好吧,既然你那么执着,我就回忆一下好了。
先说好了,这是个不怎么沙雕,不怎么出人意料,不怎么突出的普通故事。
毕竟真的很常见嘛。常见到我真的对此没什么可评价的。
*
21世纪的种花,制度要比世界上大多数、有时候甚至是全部国家优越,这里的制度不仅指治理国家的制度,也指社会上的规章制度和法律。
很自然的,这样的种花拥有一套完整的基层警员培训方式。
而我,是位普普通通的小警察,经历过社会的毒打后一路晋升,一路不干好事,天天获表扬,天天遭批评,天天功过相抵。
包括但不限于在劫匪手里突击抢人质,单枪匹马闯传销点什么的……这些是比较温和的。
至于不温和的,不如参考一下我之后的经历?
总而言之,我还是一路晋升得十分顺畅,至于什么职位我就不说了,咳,我怕吓到你们。
我一路晋升一路被打磨性子,慢慢也能正经起来,然后,在我递交转职报告后,我遇到了一起xie教袭击事故,当场去世……啊不是,那得叫殉职。
然后我穿越到了柯南里面。
*
感谢鬼冢教官给我这个活下去的机会。
简而言之,我穿进去的这位仁兄是孤儿,警校生,备考备出来个007,半梦半醒上路险些被车撞死,然后被鬼冢教官救下。
唔,之后就是我了,我受了教官不少照顾,作为警校组的上一届顺利毕业,期间其实和警校组的时间恰好错开。
没什么好说的,但好歹我是他们前辈,此后对这群人的事迹也有所耳闻。
在这群人前来就职后,我和他们更是打成一片。
*
我本来的打算是顺手救一救吧,这么好的警察苗子,就算在霓虹,我也不忍心看他们一个个奔赴没有意义的死亡。
……况且他们一个个长得都那么好看!
*
其实现在来讲和以前目的也不相驳,都是想救的,那就开始吧。
*
萩原研二,11月7日殉职,警校毕业没多久就走了,就因为一个**的炸/弹犯。
根据无数同人的经验以及我观察出来的结果,这家伙绝对不会按时穿防爆服,也不会听话好好拆弹,没正行的家伙。

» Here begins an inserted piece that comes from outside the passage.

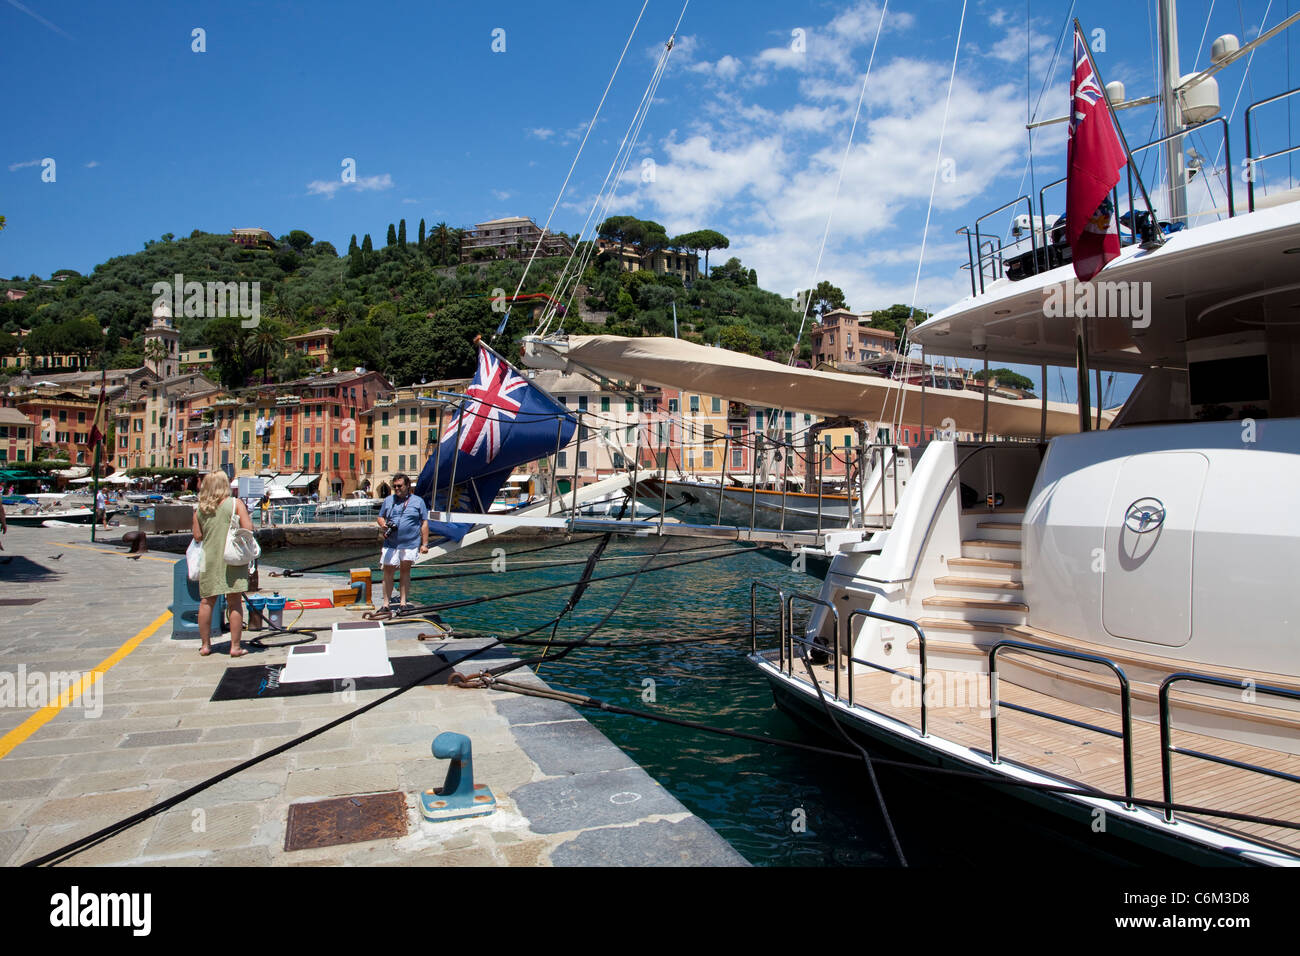 Luxus Yachten am Liegeplatz, malerischen Fischerdorf Portofino, Ligurien di Levante, Italien, Ligurisches Meer, Mittelmeer, Europa Stockfoto
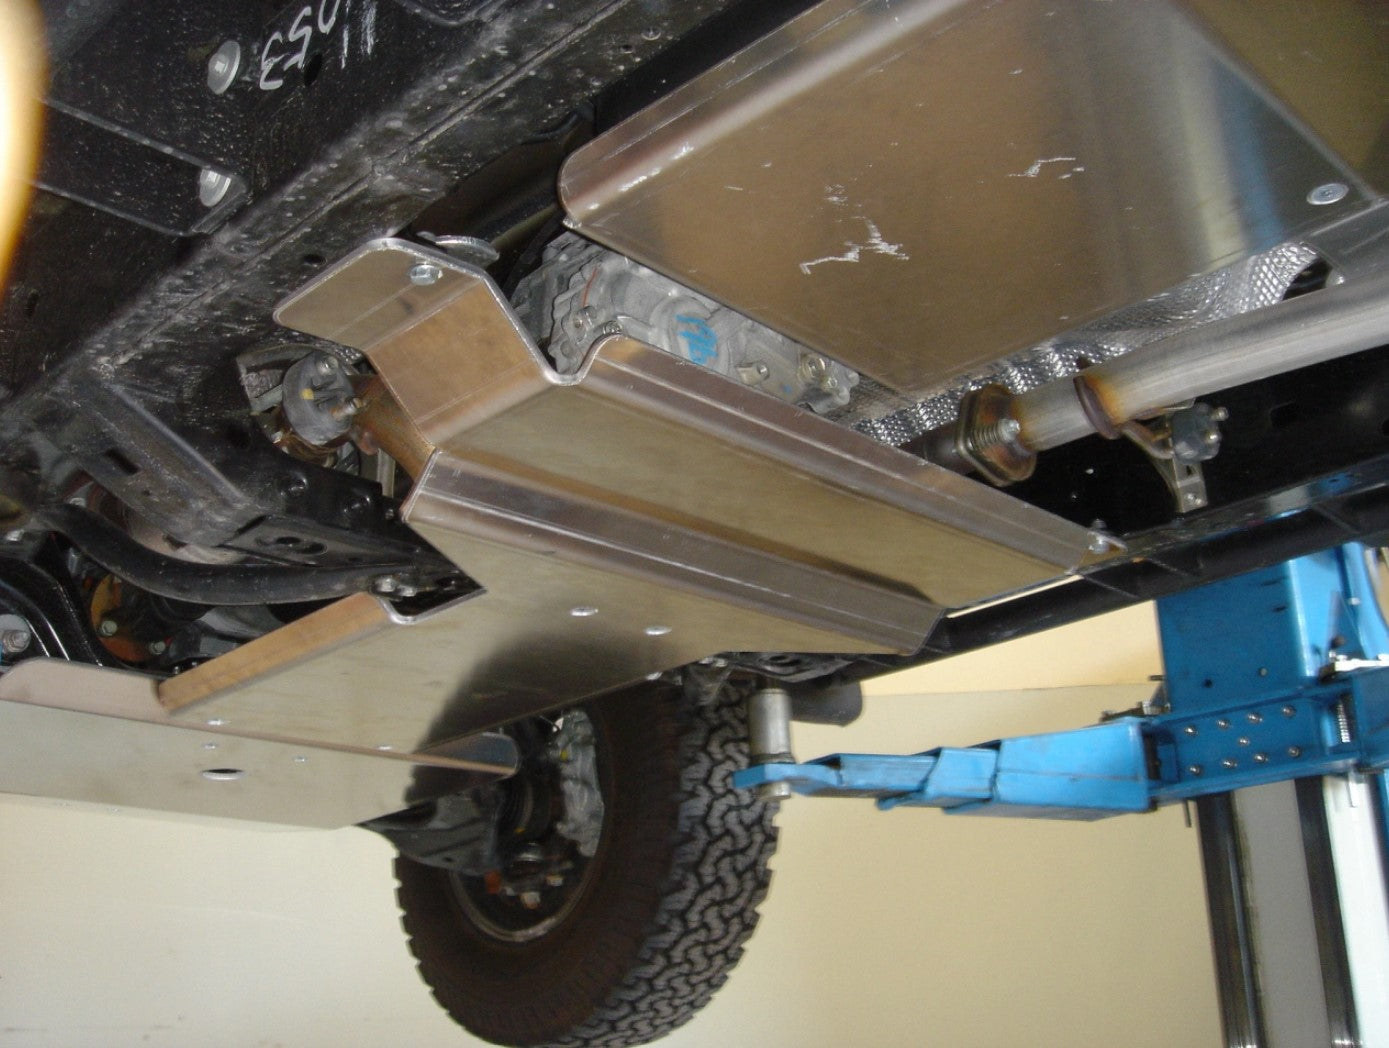 vue latérale du dessous d'un véhicule avec des plaques de protection alu

我特地向他和松田学了拆弹,在那一天跟踪他来到了他的所在地,强行替他拆完了那个会提前爆炸的炸/弹。
但是就像沙雕文里主角总会真香,我总会出尔反尔一样。
11月8日,同样的地点,同样的炸/弹。
昨日重现。
*
萩原研二因公殉职。
我没能见他最后一面,也没拦下那个注定会打过去的电话。
*
松田发了四年的短信。
我试过很多方式,比如说抢他手机抢他手机和抢他手机。
松田就是不乐意。
他不乐意走出来。
他觉得遗忘对萩原太不公平。
我觉得其实不应该这么极端,要记住过去,走向将来,可他说自己正在向前走。
我说他这是背对着未来向前走,眼睛都不带往前看的,尽往后瞥了,他就说自己朝向哪哪就是前。
搁这诡辩呢。我说啥他非得和我反着来。
*
就这么几个月时间,我和萩原交情也没多深厚啊。
我和松田倒是可以,有空就跨组干架,没空我就去骚扰一下他,偶尔的时候一起拆点……啊不是,研究点小机器。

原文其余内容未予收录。